For the Greekless reader, this long-awaited anthology provides an important link between the ancient Greek novel and the novels we read today. The Greeks created what we now call novels at the beginning of the Common Era, peaking in the fourth century with the greatest of them, Heliodorus’s Ethiopian Story. Eight complete novels survive, along with fragments from a dozen or so others, all conveniently gathered in B. P. Reardon’s Collected Ancient Greek Novels (University of California Press, 1989). When the best of them were rediscovered and translated during the Renaissance, they provided the template for the European novel of the early-modern period, as Margret Doody has demonstrated in The True Story of the Novel (Rutgers University Press, 1996). However, few readers are aware that in twelfth-century Byzantium, a handful of writers revived the ancient Greek novel and put their own spin on the genre. What is most striking is how modern, even postmodern, these medieval novels sound. Like Barth and Pynchon imitating the eighteenth-century novel in The Sot-Weed Factor and Mason & Dixon, respectively, the Byzantines set their novels in the past and artificially imitated the Greek of antiquity rather than their own vernacular, all while having some metafictional fun with older forms of fiction and diction.

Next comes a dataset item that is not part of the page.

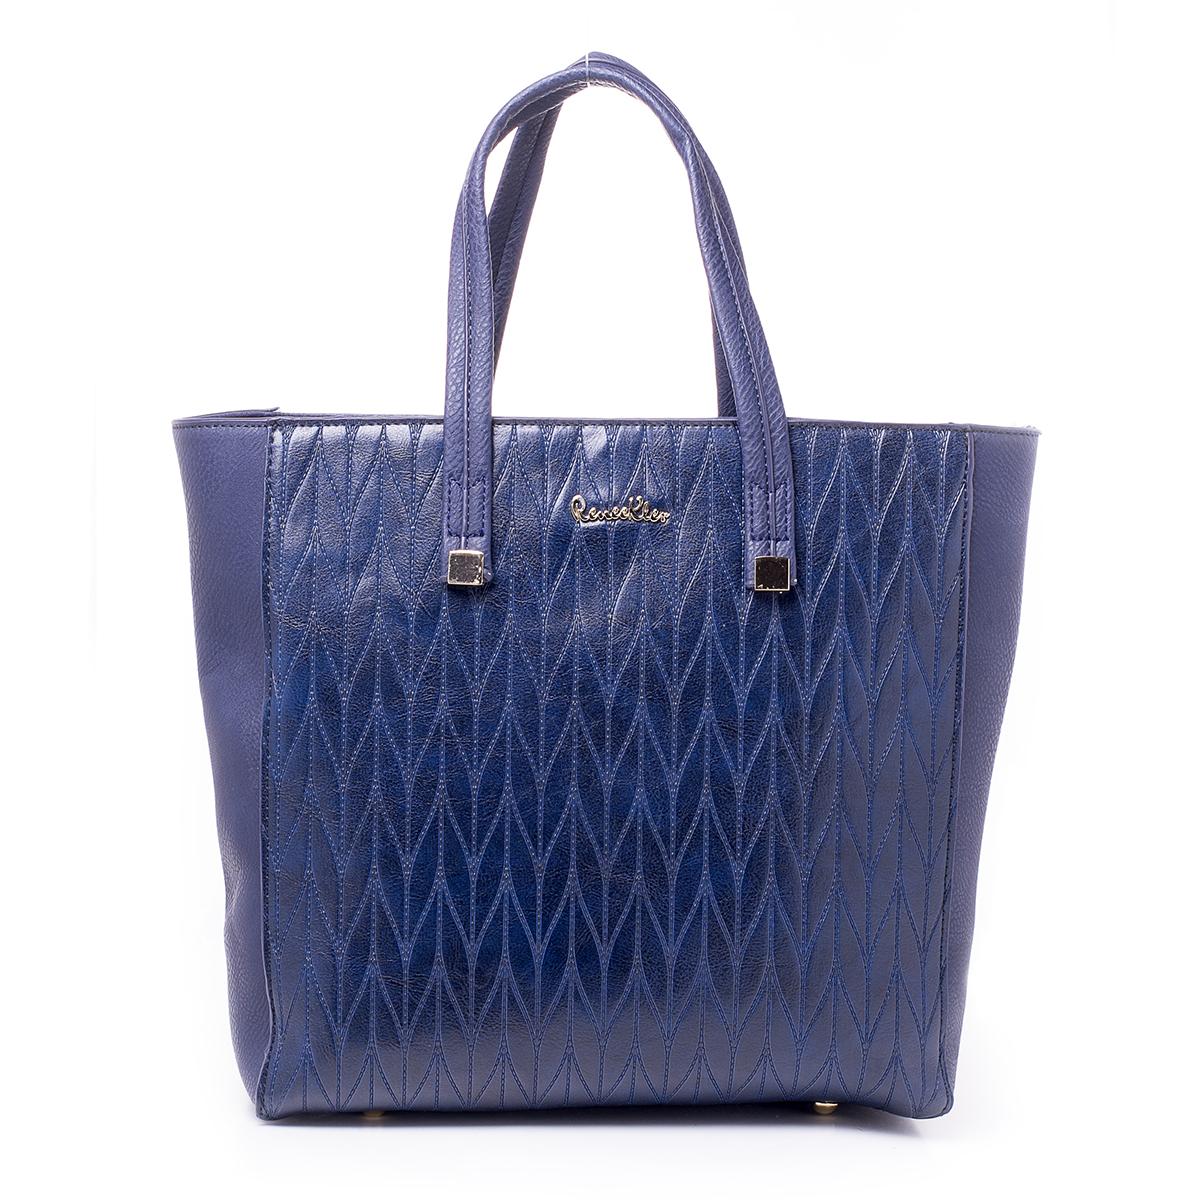 Сумка женская Renee Kler, цвет: сине-фиолетовый. RK515-06S76245Стильная женская сумка Renee Kler выполнена из качественной искусственной кожи. Сумка оформлена оригинальным тиснением. Сумка имеет одно отделение и застегивается на молнию. Лицевая часть декорирована металлическим элементом с названием бренда. Внутри отделения находятся два накладных кармана и один врезной карман на застежке-молнии. Отделение разделено карманом-средником на застежке-молнии.Сумка оснащена двумя удобными ручками с металлической фурнитурой.

Jeffreys translates and annotates the four that have survived (as in the case with ancient Greek novels, more were undoubtedly written but have disappeared.) The earliest, a novel in verse entitled Rhodanthe and Dosikles, was composed probably in the early 1130s by Theodore Prodromos. [End Page 237] Like Nabokov in Laughter in the Dark, he tells us upfront what his novel will be about, a rehash of the standard topoi of earlier Greek novels:

These [are the adventures] of the silvery girl Rhodanthe with the lovely garland and of the valiant and comely youth Dosikles, the flights and wanderings and tempests and billows, brigands, grievous eddies, sorrows that give rise to love, chains and indissoluble fetters and imprisonments in gloomy dungeons, grim sacrifices, bitter grief, poisoned cups and paralysis of joints, and then marriage and the marriage bed and passionate love.

(20)

Structurally and thematically similar to Heliodorus’s Ethiopian Story, Rhodanthe and Dosikles is essentially a vehicle for various rhetorical set pieces, an opportunity for Prodromos to show off his skill and knowledge and occasionally to make fun of the conventions of the genre. (These novels were read aloud at the imperial court and in the literary salons of Constantinople; they were literally performance pieces. Like ballets, they do not so much tell a story as perform one.) Although nowhere near as complex and ingenious as Heliodorus, Prodromos manages to say some interesting things about dream psychology, military theory, and statecraft while performing elegant variations on the ancient theme of ideal lovers who elope, are separated and suffer various setbacks, and are eventually reunited and married.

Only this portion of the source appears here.